Exercise input:
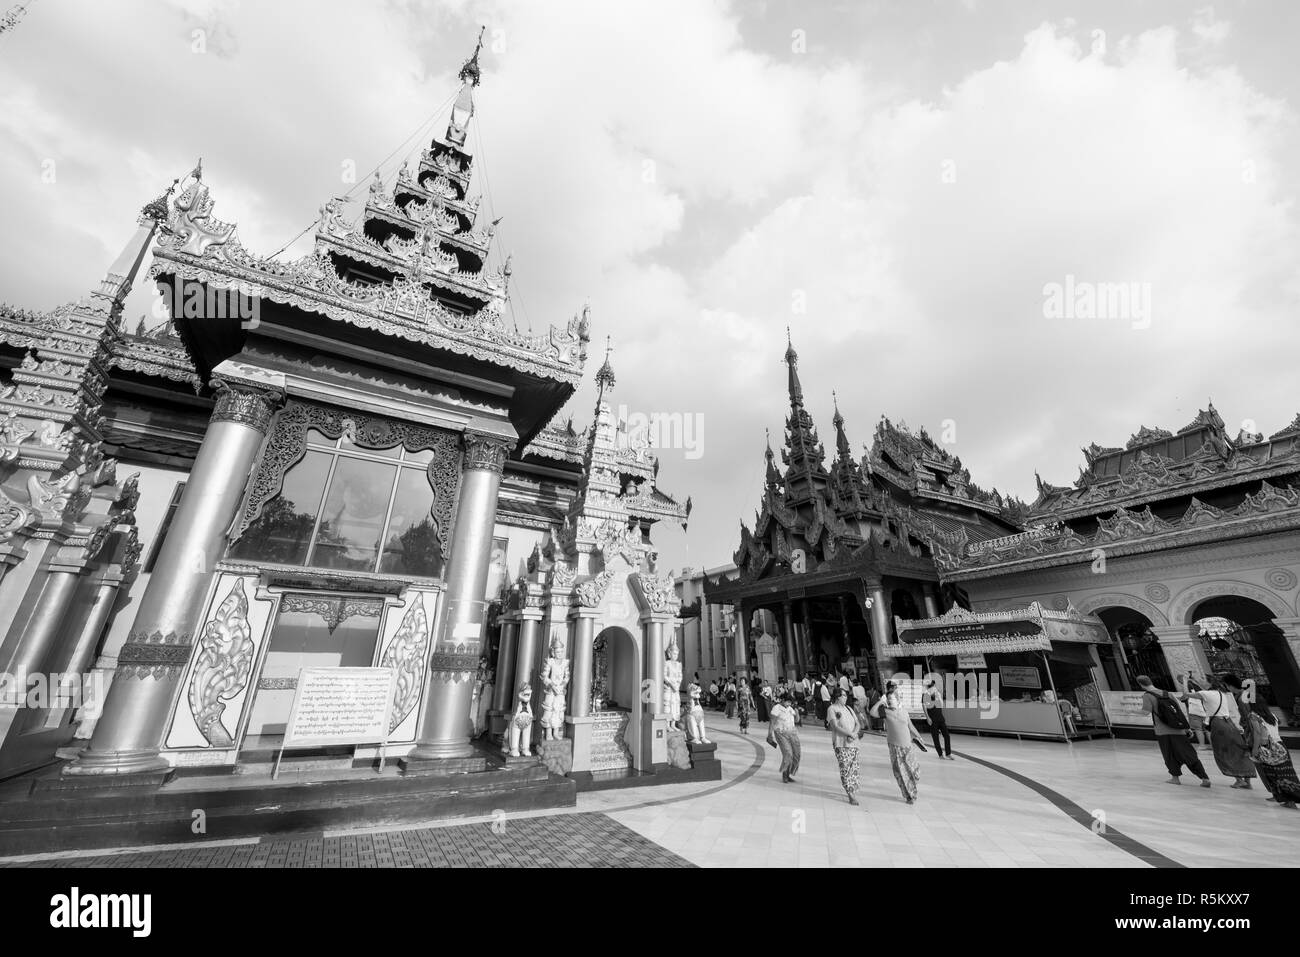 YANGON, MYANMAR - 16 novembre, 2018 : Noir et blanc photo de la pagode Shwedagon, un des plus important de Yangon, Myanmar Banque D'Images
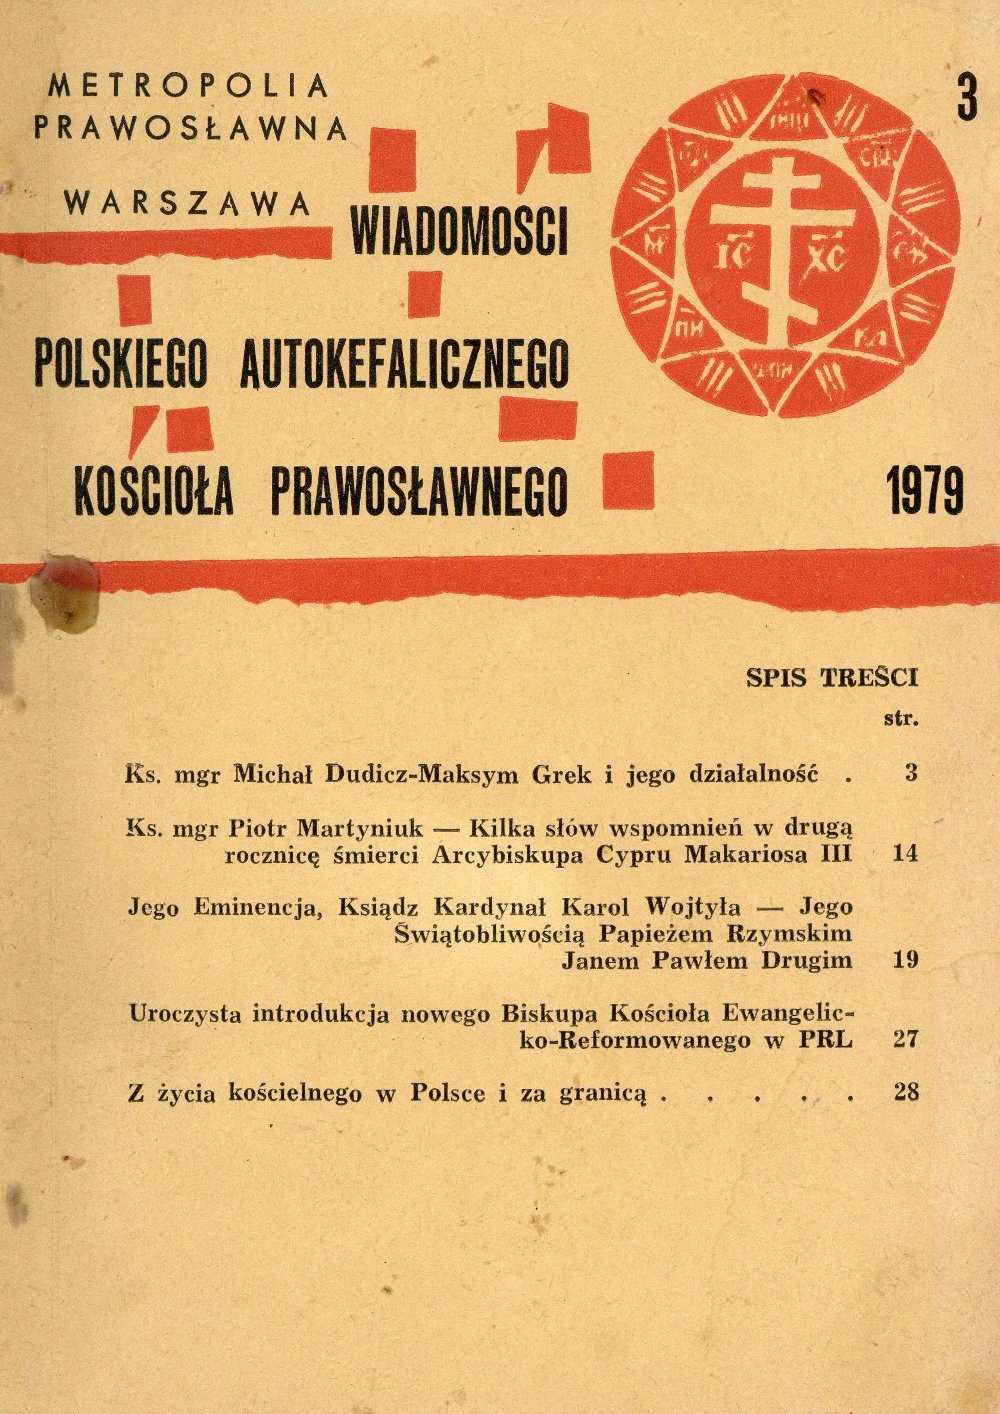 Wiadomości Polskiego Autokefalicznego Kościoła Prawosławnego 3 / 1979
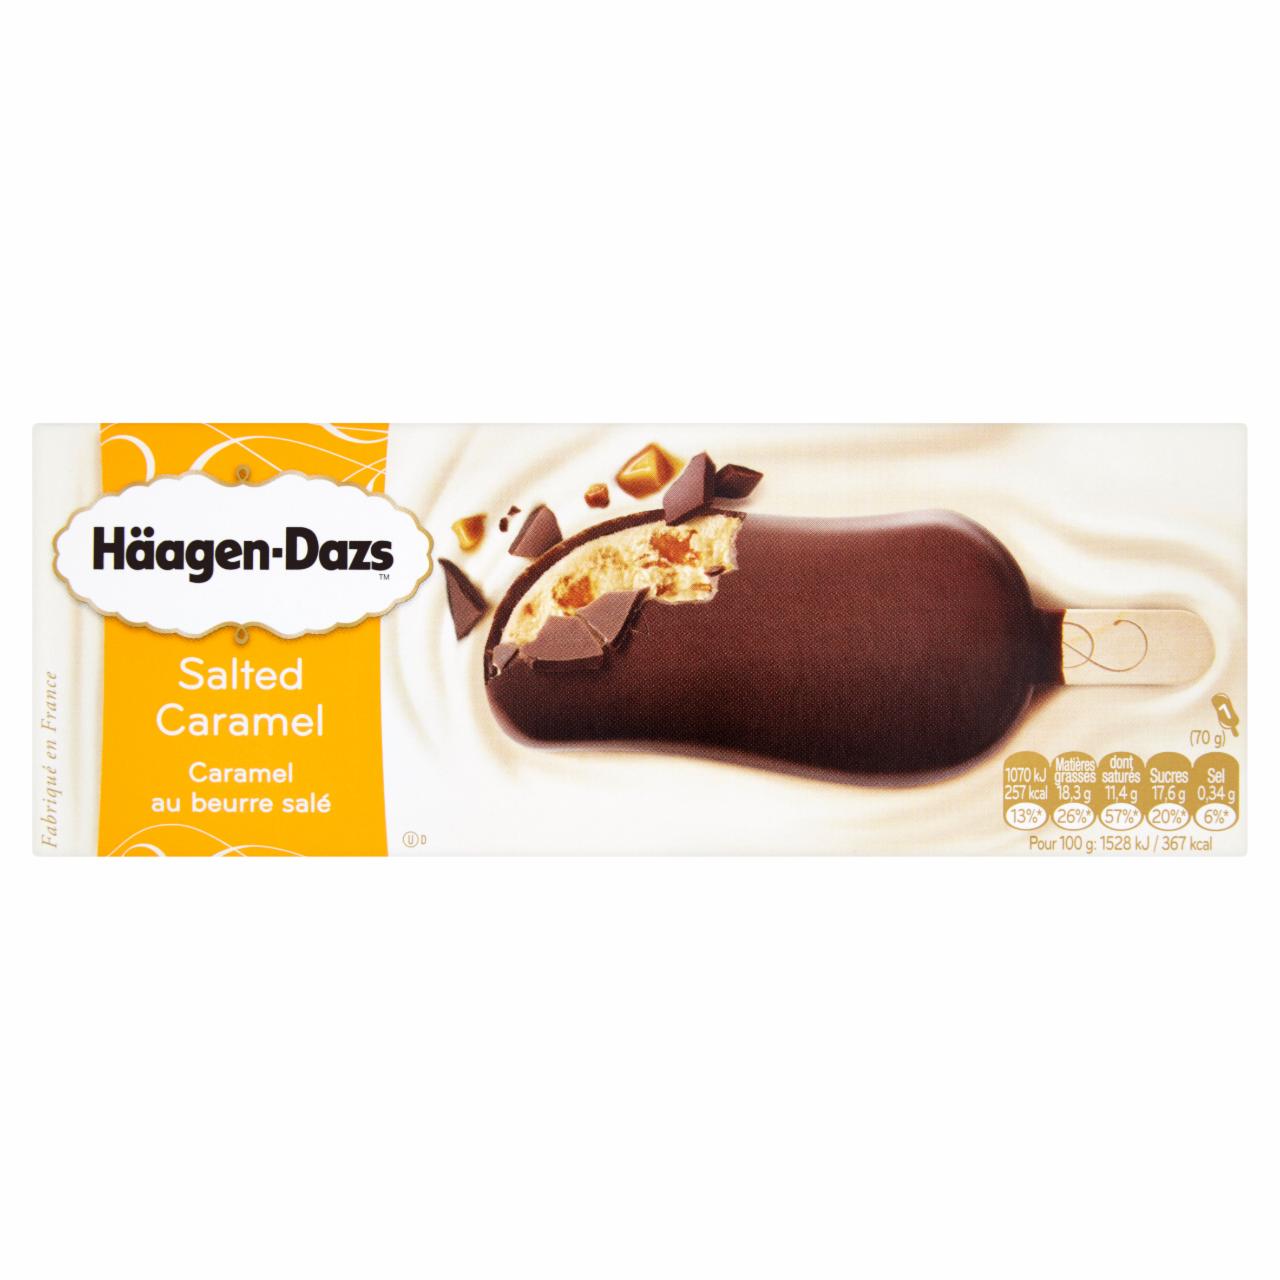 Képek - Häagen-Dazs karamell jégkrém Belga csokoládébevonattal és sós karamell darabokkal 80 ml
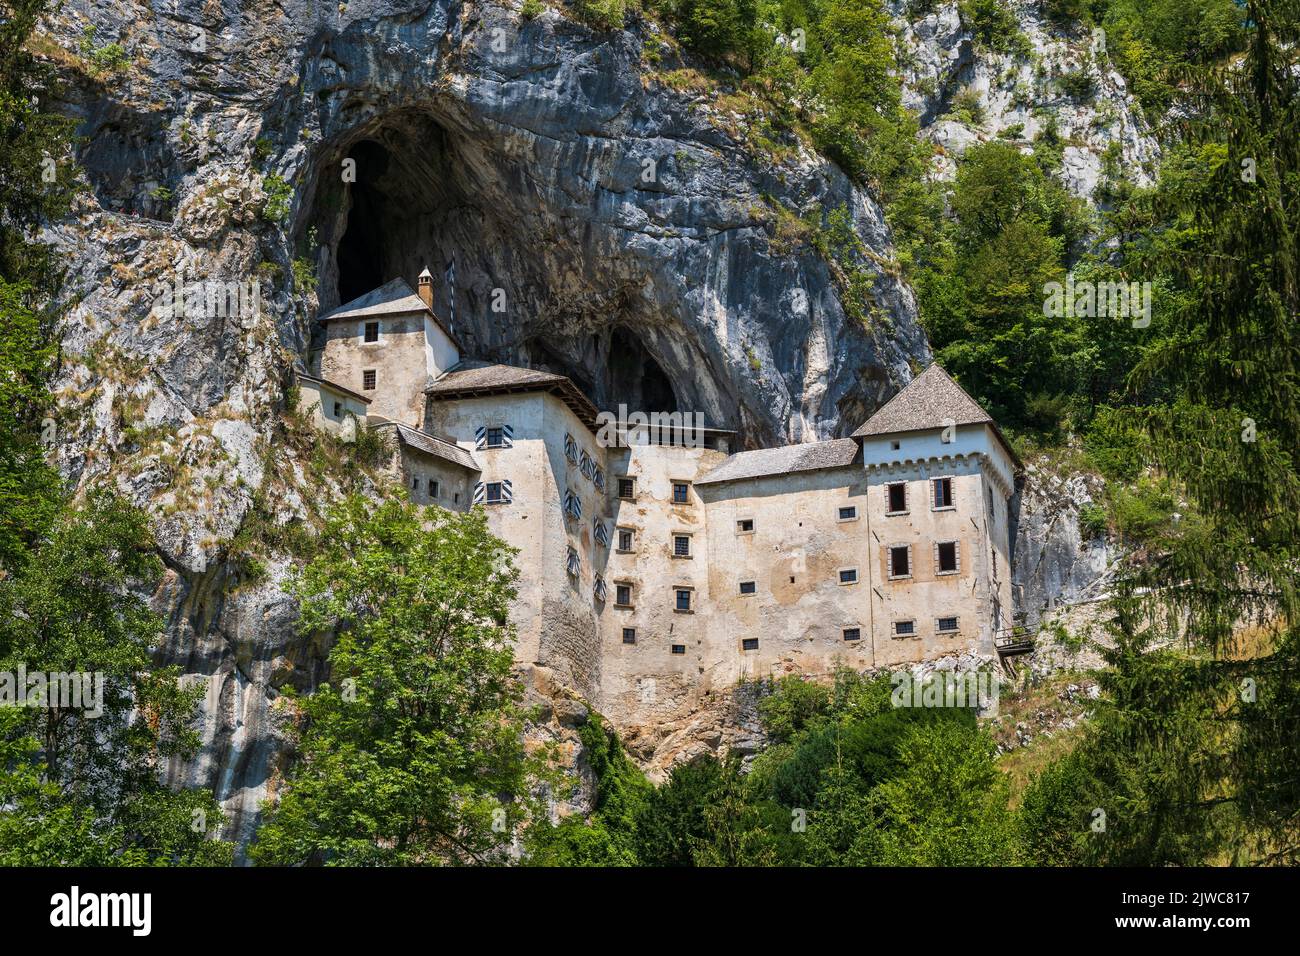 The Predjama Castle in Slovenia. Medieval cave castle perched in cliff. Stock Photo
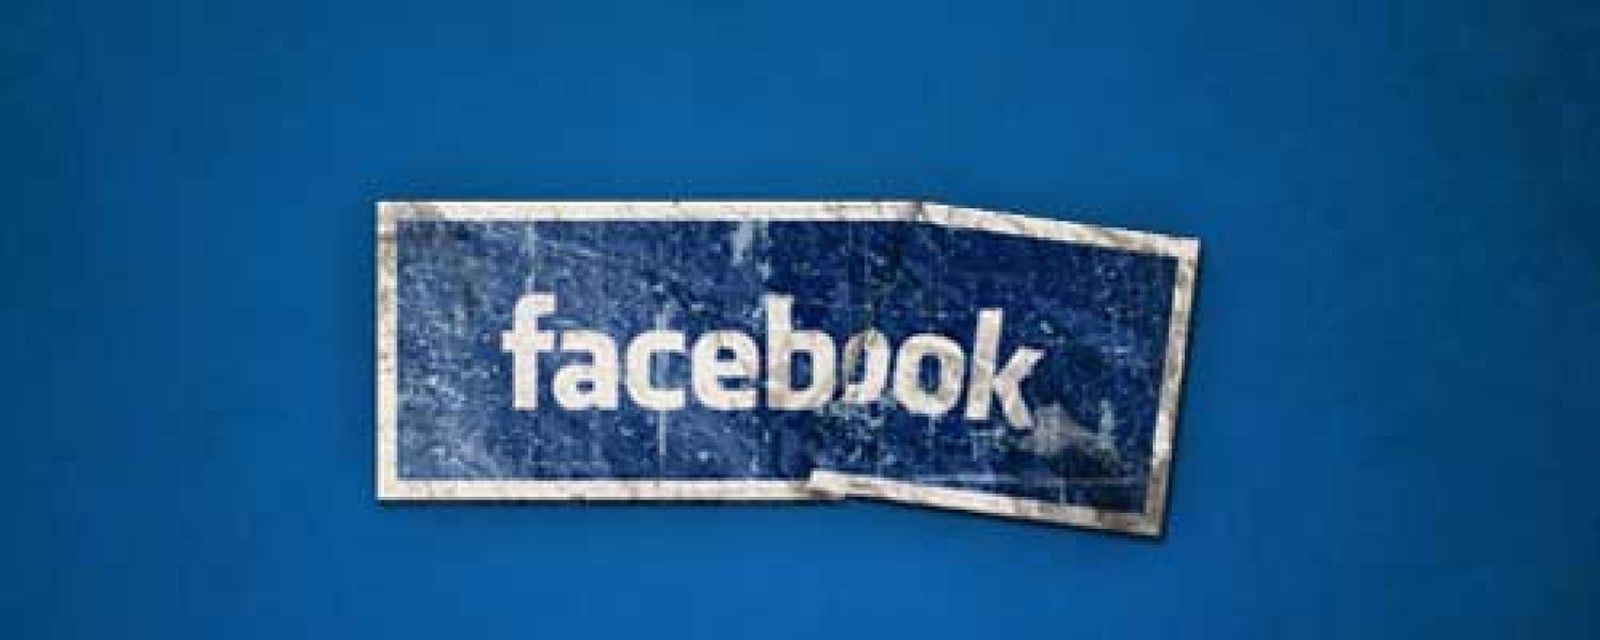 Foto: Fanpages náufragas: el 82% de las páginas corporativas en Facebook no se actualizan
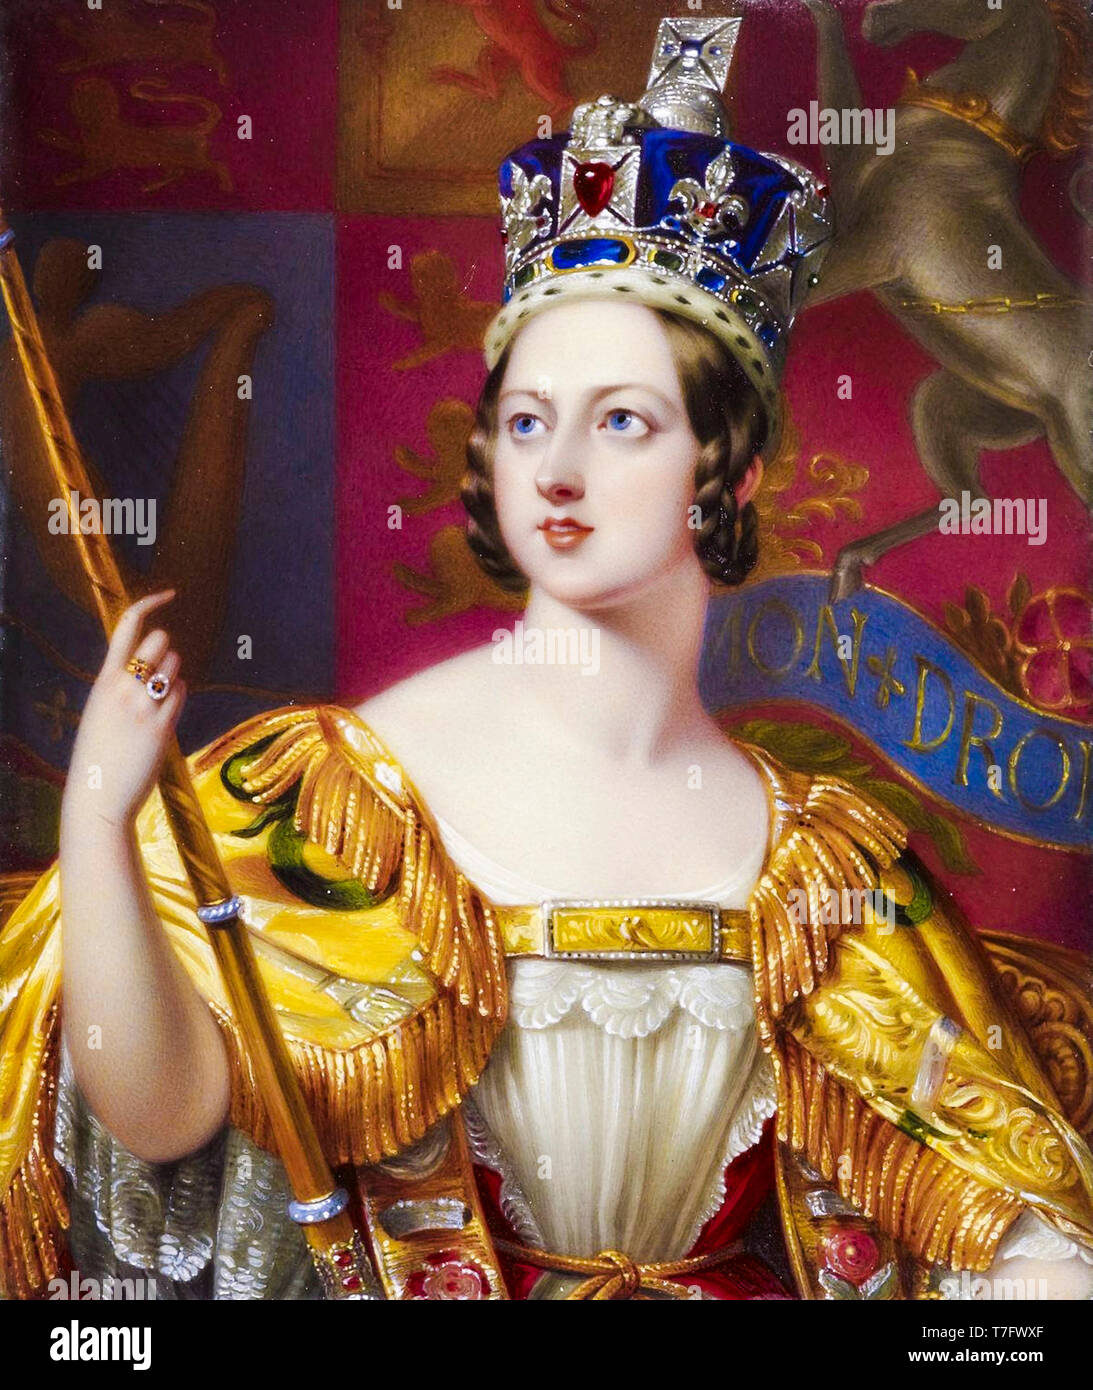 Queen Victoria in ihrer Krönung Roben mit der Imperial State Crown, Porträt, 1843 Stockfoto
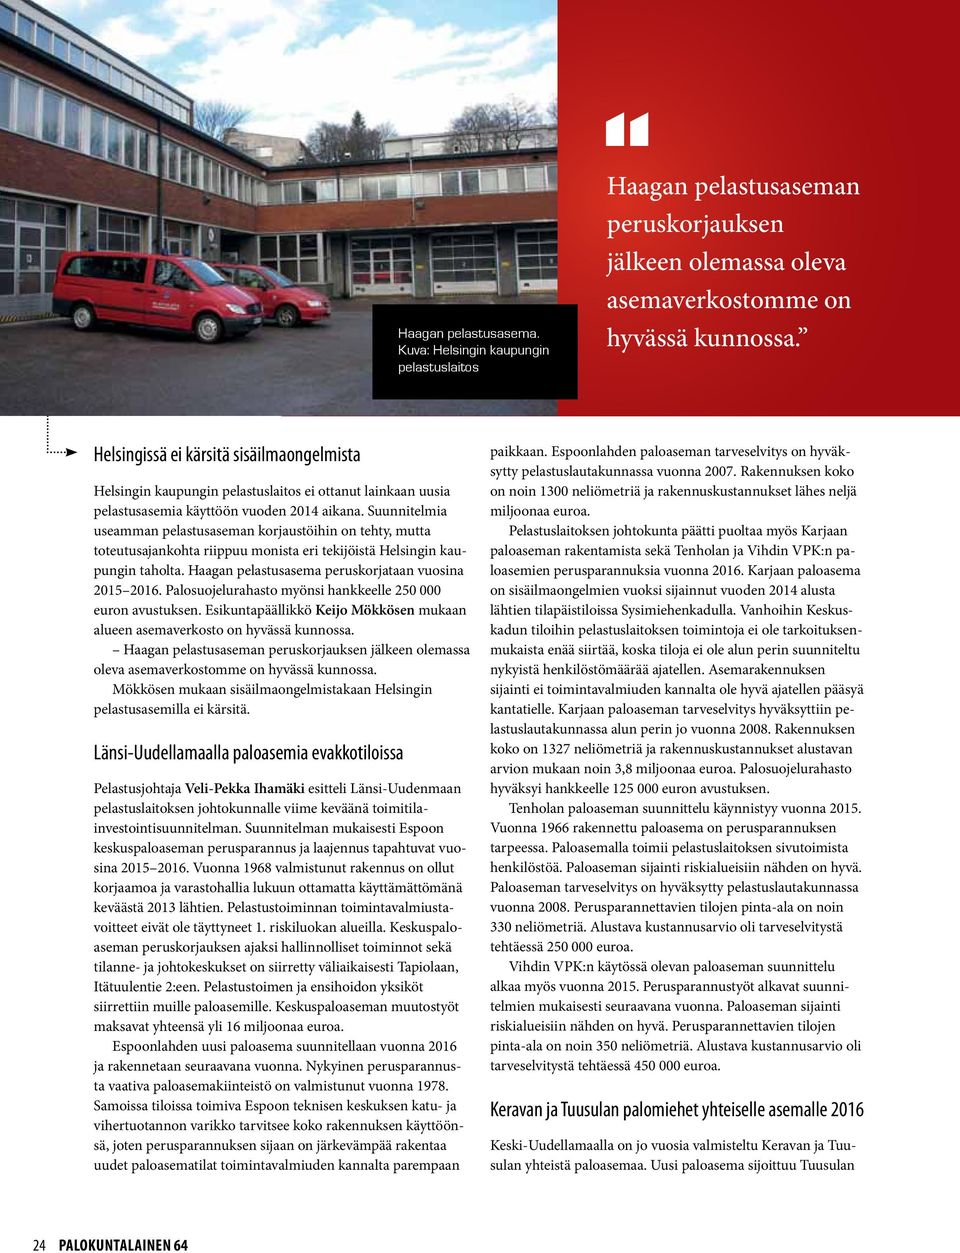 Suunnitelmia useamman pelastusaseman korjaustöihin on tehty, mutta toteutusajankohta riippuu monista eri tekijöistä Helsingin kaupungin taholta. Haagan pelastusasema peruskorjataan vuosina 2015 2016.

Exercise requirements: Repeat the listing above from its first line through the line that contains "Queen Victoria in", both included, and nothing more. Drop the pictures.

Response area:
 YANGON, MYANMAR - 16 novembre, 2018 : Noir et blanc photo de la pagode Shwedagon, un des plus important de Yangon, Myanmar Banque D'Images
 Wiadomości Polskiego Autokefalicznego Kościoła Prawosławnego 3 / 1979
 Képek - Häagen-Dazs karamell jégkrém Belga csokoládébevonattal és sós karamell darabokkal 80 ml
 The Predjama Castle in Slovenia. Medieval cave castle perched in cliff. Stock Photo
 Foto: Fanpages náufragas: el 82% de las páginas corporativas en Facebook no se actualizan
 Queen Victoria in ihrer Krönung Roben mit der Imperial State Crown, Porträt, 1843 Stockfoto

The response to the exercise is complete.